Now, under the new leadership of Boris Johnson, there is a little more certainty. His intention to ensure that Britain does actually leave the European Union (EU) by 31 October is crystal clear. Unfortunately, his willingness to take Britain out of the EU without a deal seems clear too.
I believe this could have serious consequences for the UK tech sector and skills base.
The past few years have been challenging for many businesses. However, this hasn’t been primarily caused by Brexit, but by the wider disruptive forces that are reshaping the business landscape – the digital economy, the demand for transformation, changing business models and shifts in consumer behaviour.
Brexit has added an extra layer of difficulty for businesses to deal with. Because the final outcome of Brexit has not been certain, businesses have had to operate in a policy vacuum: unsure what skills they will be able to access; unsure about what future demand might look like; unsure about the costs and administrative overheads of doing business in the future.

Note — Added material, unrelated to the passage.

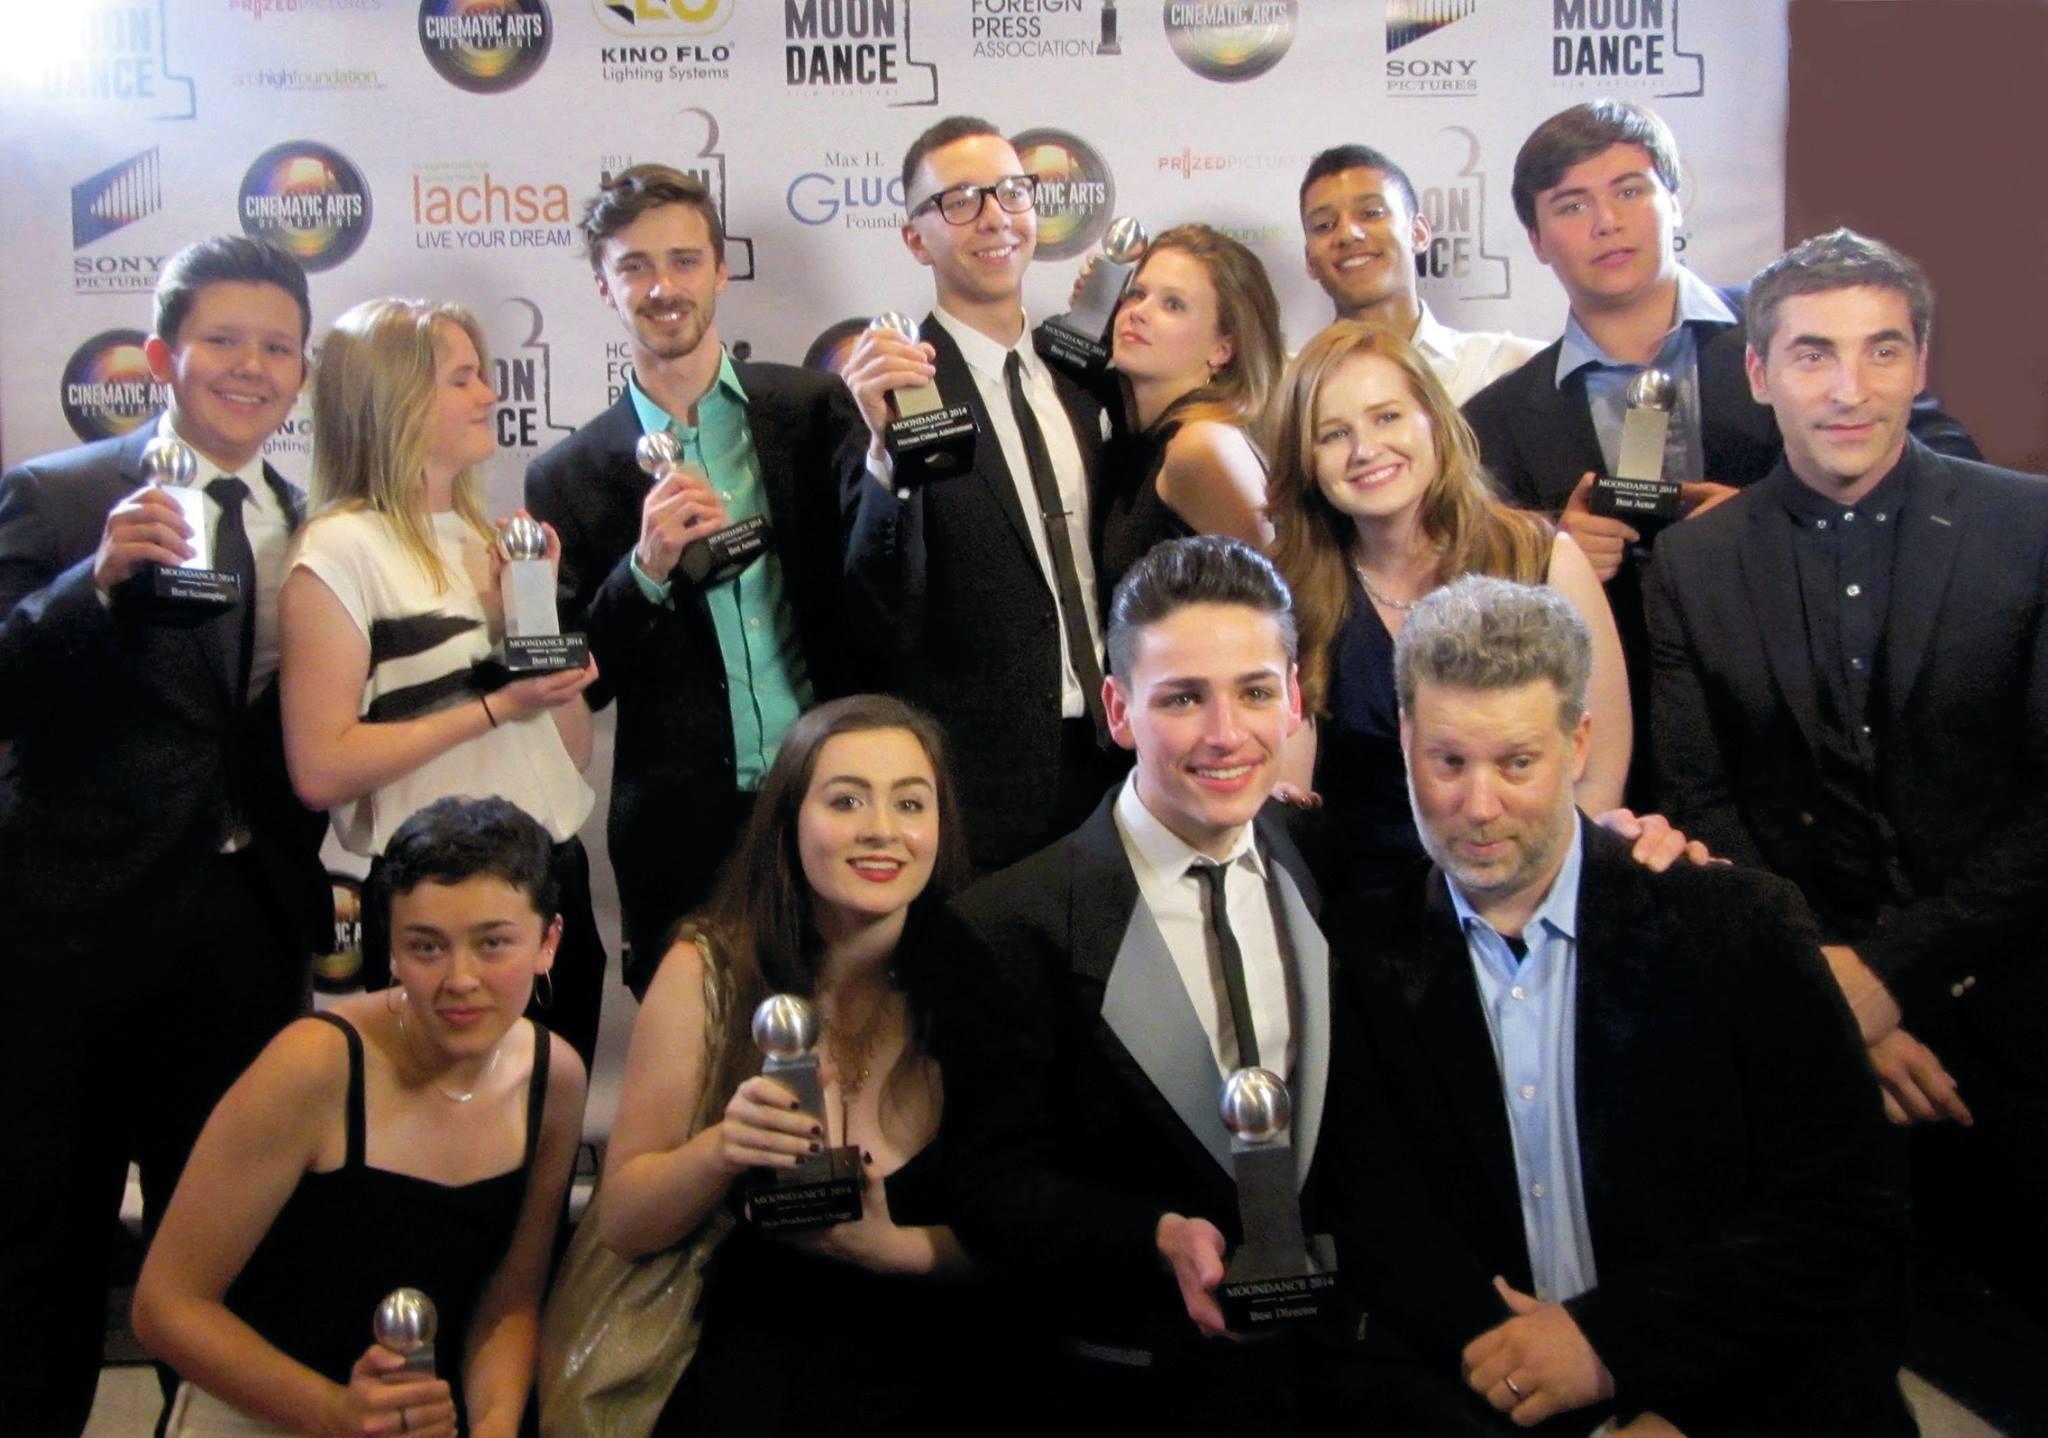 2014 MoonDance Winners

The UK remains a leading centre of technology investment and activity. A record £3.9bn in venture capital was invested in UK tech companies in the first half of this year, with some major investments into UK startups. However, there are signs that other countries in Europe are beginning to close the gap, while foreign investment in UK tech fell by 29% in 2018.
A good barometer of the health of any sector is the recruitment market. Demand for tech talent in London in particular is softer than it should be. Businesses are taking a short-term approach and are reining back on investment in skills.
At the same time, Brexit has knocked candidates’ confidence and appetite to move jobs. Tech specialists in Europe are thinking again about coming to the UK. In the internal UK market, individuals are more reluctant than usual to move because of the uncertainty hanging over future prospects and the “last in, first out” convention. Why take the risk? The premium to move employers at this time has therefore increased substantially.
Albert Ellis, Harvey Nash
This is making life harder for tech businesses and for corporates looking to boost their tech teams. They are having to pay more to attract the right talent, while at the same time more contractors have taken permanent roles, making it harder for businesses to fill short-term gaps with freelance resource.
This will only get worse if no-deal Brexit is implemented. Already, talk of no-deal and the general language of “no compromise” has had an immediate effect on staff morale, creating alienation, polarisation and division. For multinational groups which have businesses in the UK and abroad, it creates a huge challenge in maintaining a sense of corporate unity, particularly for those with subsidiaries and clients in mainland Europe.
The no-deal mantra is in danger of ruining the UK’s brand with key trading partners. There have even been threats to renege on the UK’s commitment to pay the £39bn divorce bill. From a commercial perspective, this creates a hostile trading backdrop in transactions across the continent.
I personally didn’t vote for Brexit – but I believe a soft form of Brexit achieved a majority backing of the UK, and there is likely a consensus that the politicians have to get on and implement that. What business needs is a managed transition – an orderly exit that restores certainty over the future state. A no-deal Brexit will be the worst of all worlds.
In the meantime, I hope that companies sustain and indeed accelerate their investment in tech. Otherwise, Britain could move backwards relative to its competitors and the damage of this period in UK history could become longer lasting than any of us would wish to see.